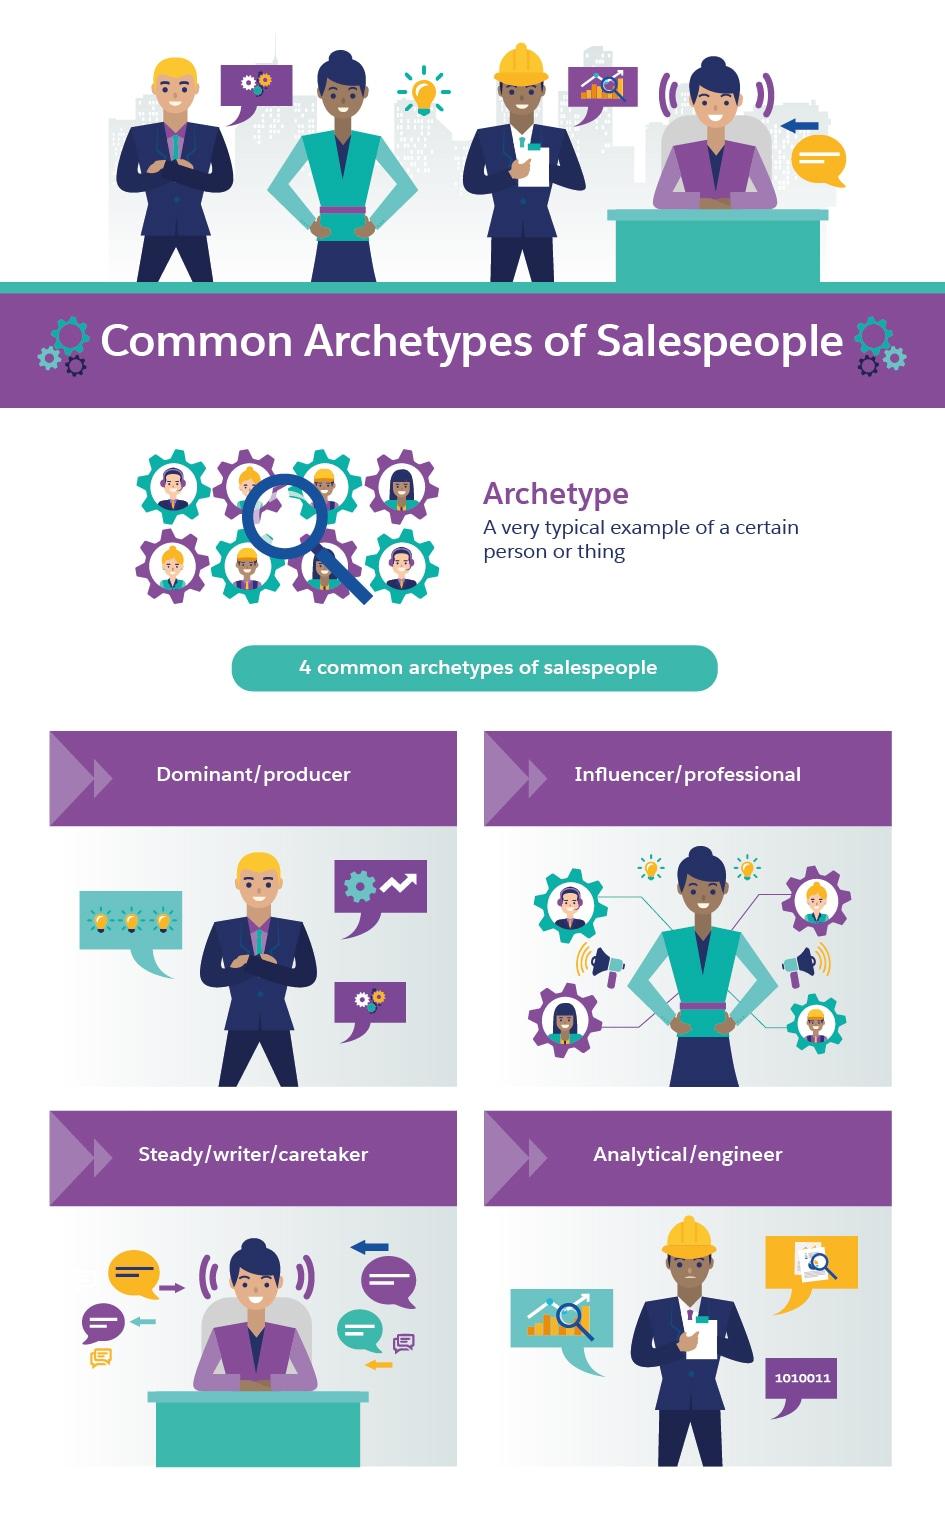 Common Archetypes of Salespeople
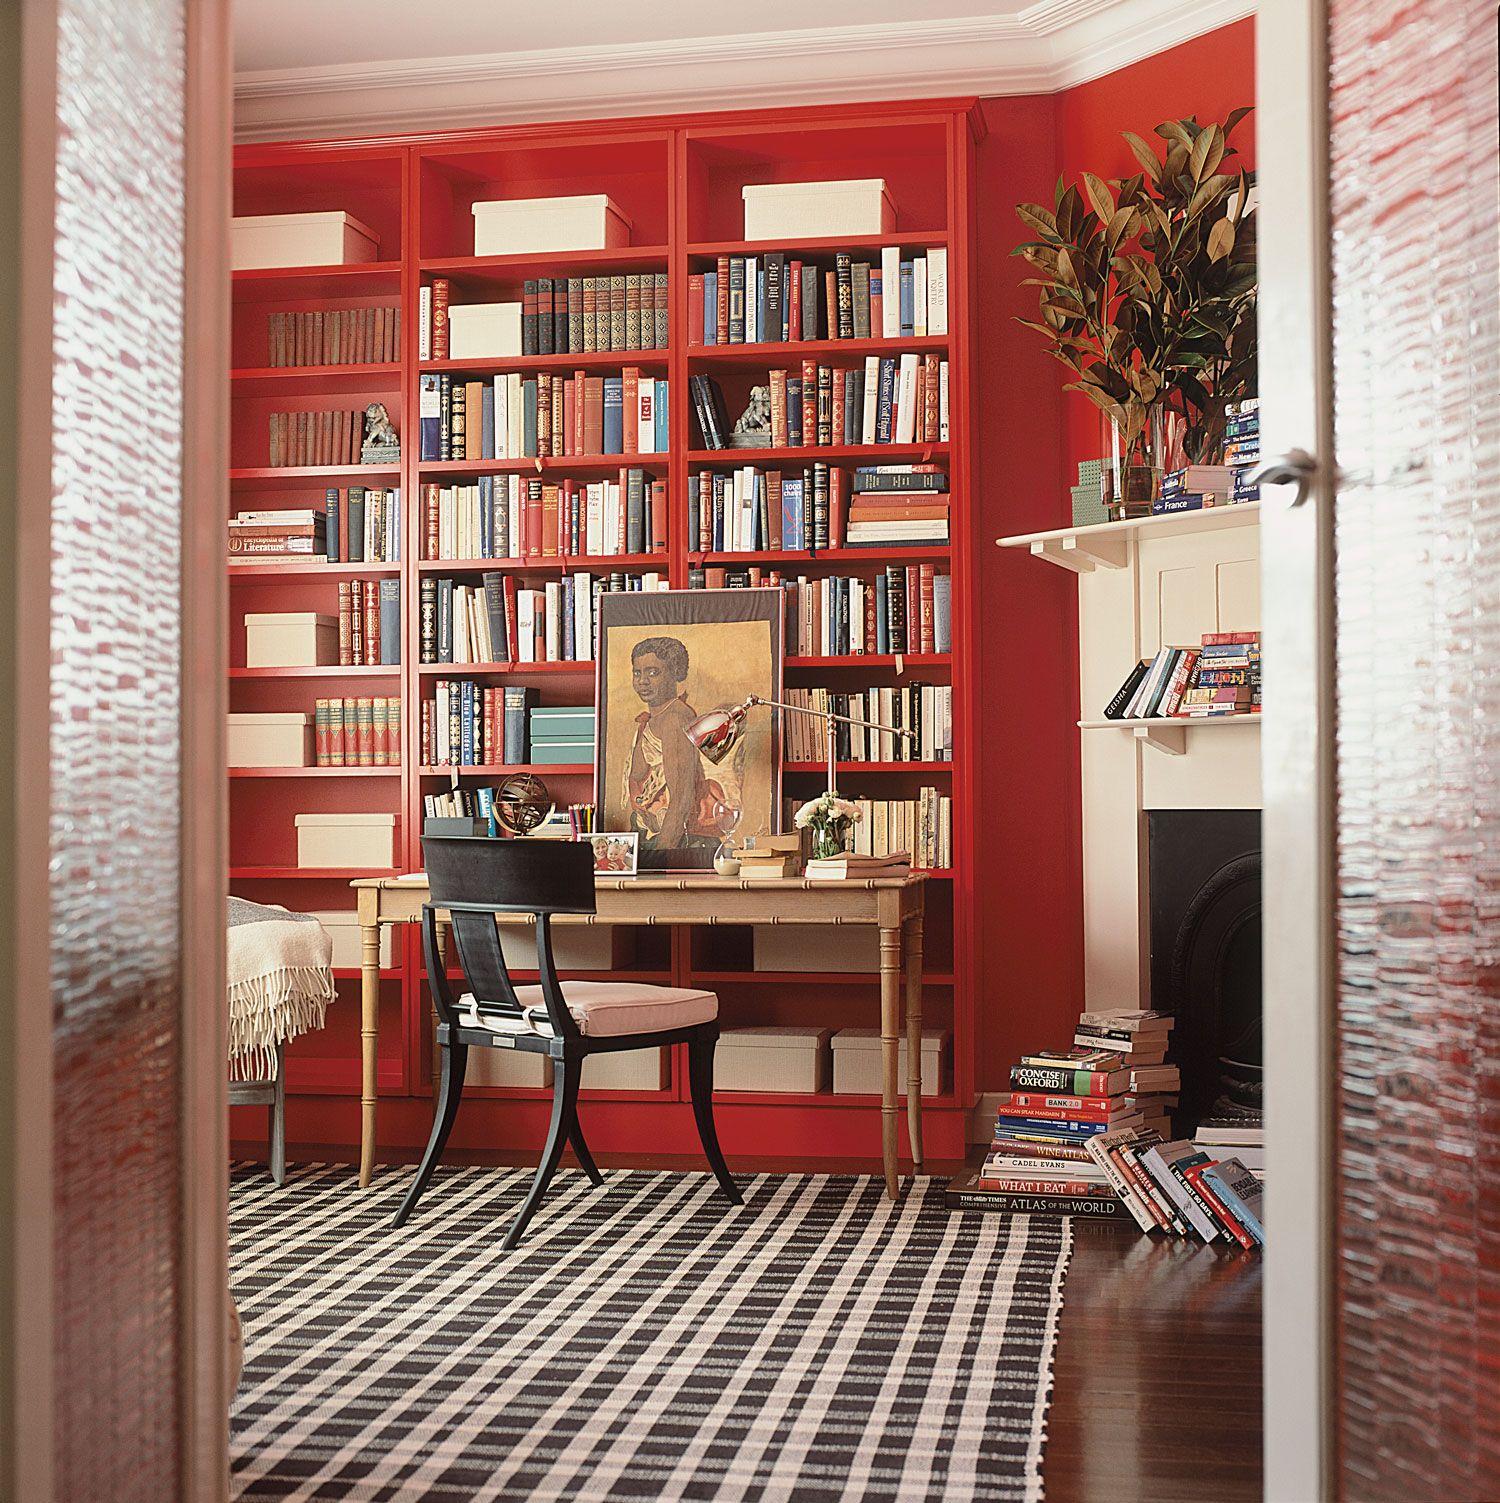 Portfolio interior design diane bergeron interiors - Find This Pin And More On Hirshfield S Design Resource Mpls Studio Images By Bethfromdr Diane Bergeron Interiors
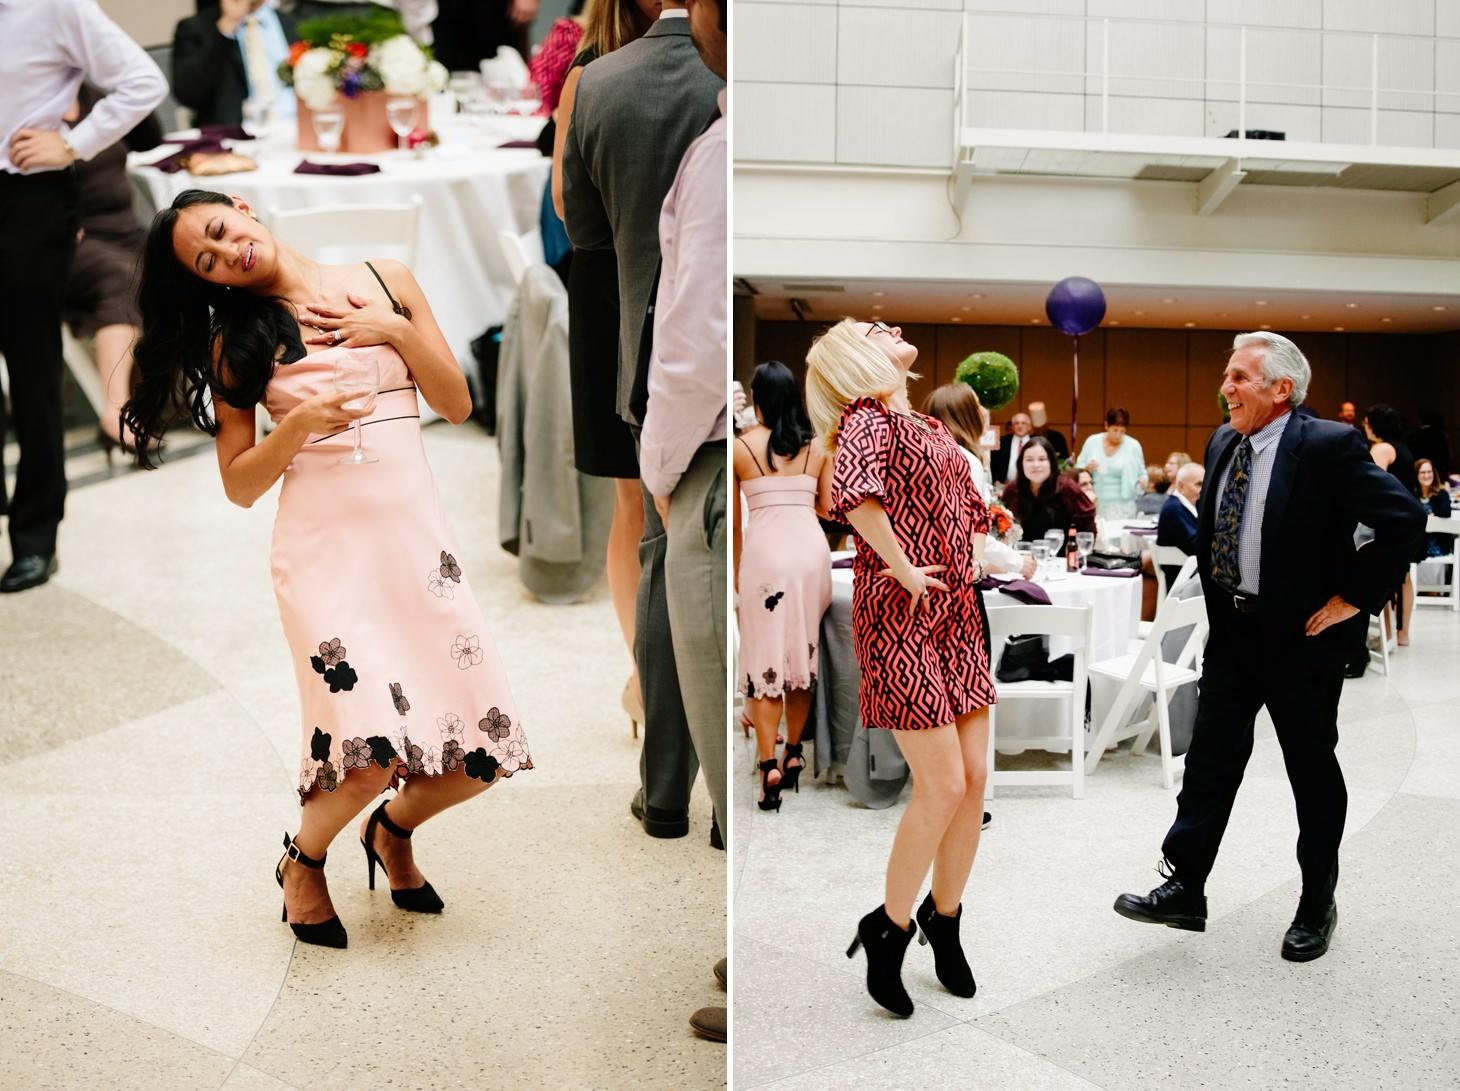 100-nyc-wedding-photographer-hoboken-waterfront-wedding-photos-smitten-chickens.jpg
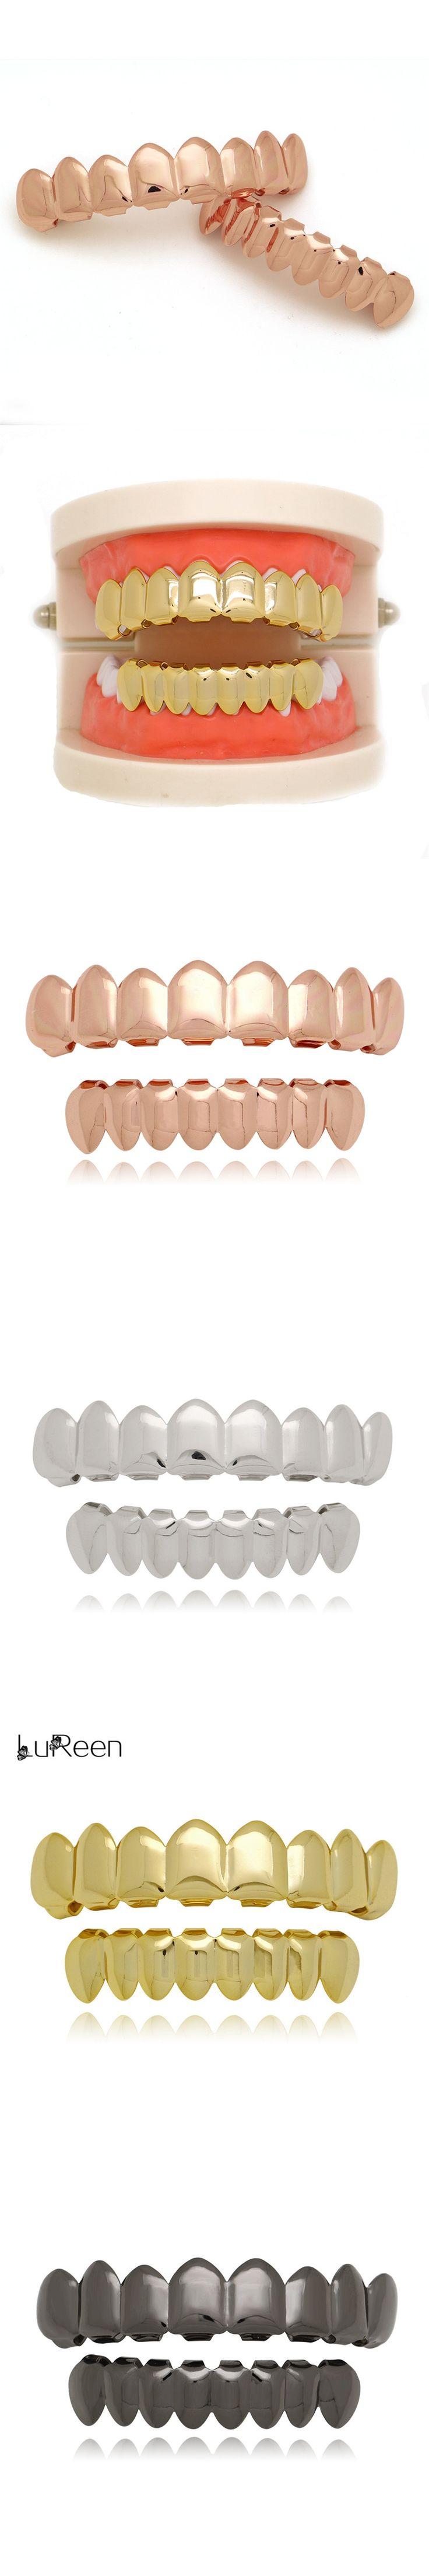 LuReen Fashion Gold Teeth Grillz Hiphop Top & Bottom Grills Dental Punk Halloween Vampire Teeth Caps Jewelry LD0007

- _TASK TO COMPLETE_
Repeat the data above exactly; images are not part of the copy.

- _SOLUTION FOR THIS EXERCISE_
 Common Archetypes of Salespeople
 Portfolio interior design diane bergeron interiors - Find This Pin And More On Hirshfield S Design Resource Mpls Studio Images By Bethfromdr Diane Bergeron Interiors
 100-nyc-wedding-photographer-hoboken-waterfront-wedding-photos-smitten-chickens.jpg
 LuReen Fashion Gold Teeth Grillz Hiphop Top & Bottom Grills Dental Punk Halloween Vampire Teeth Caps Jewelry LD0007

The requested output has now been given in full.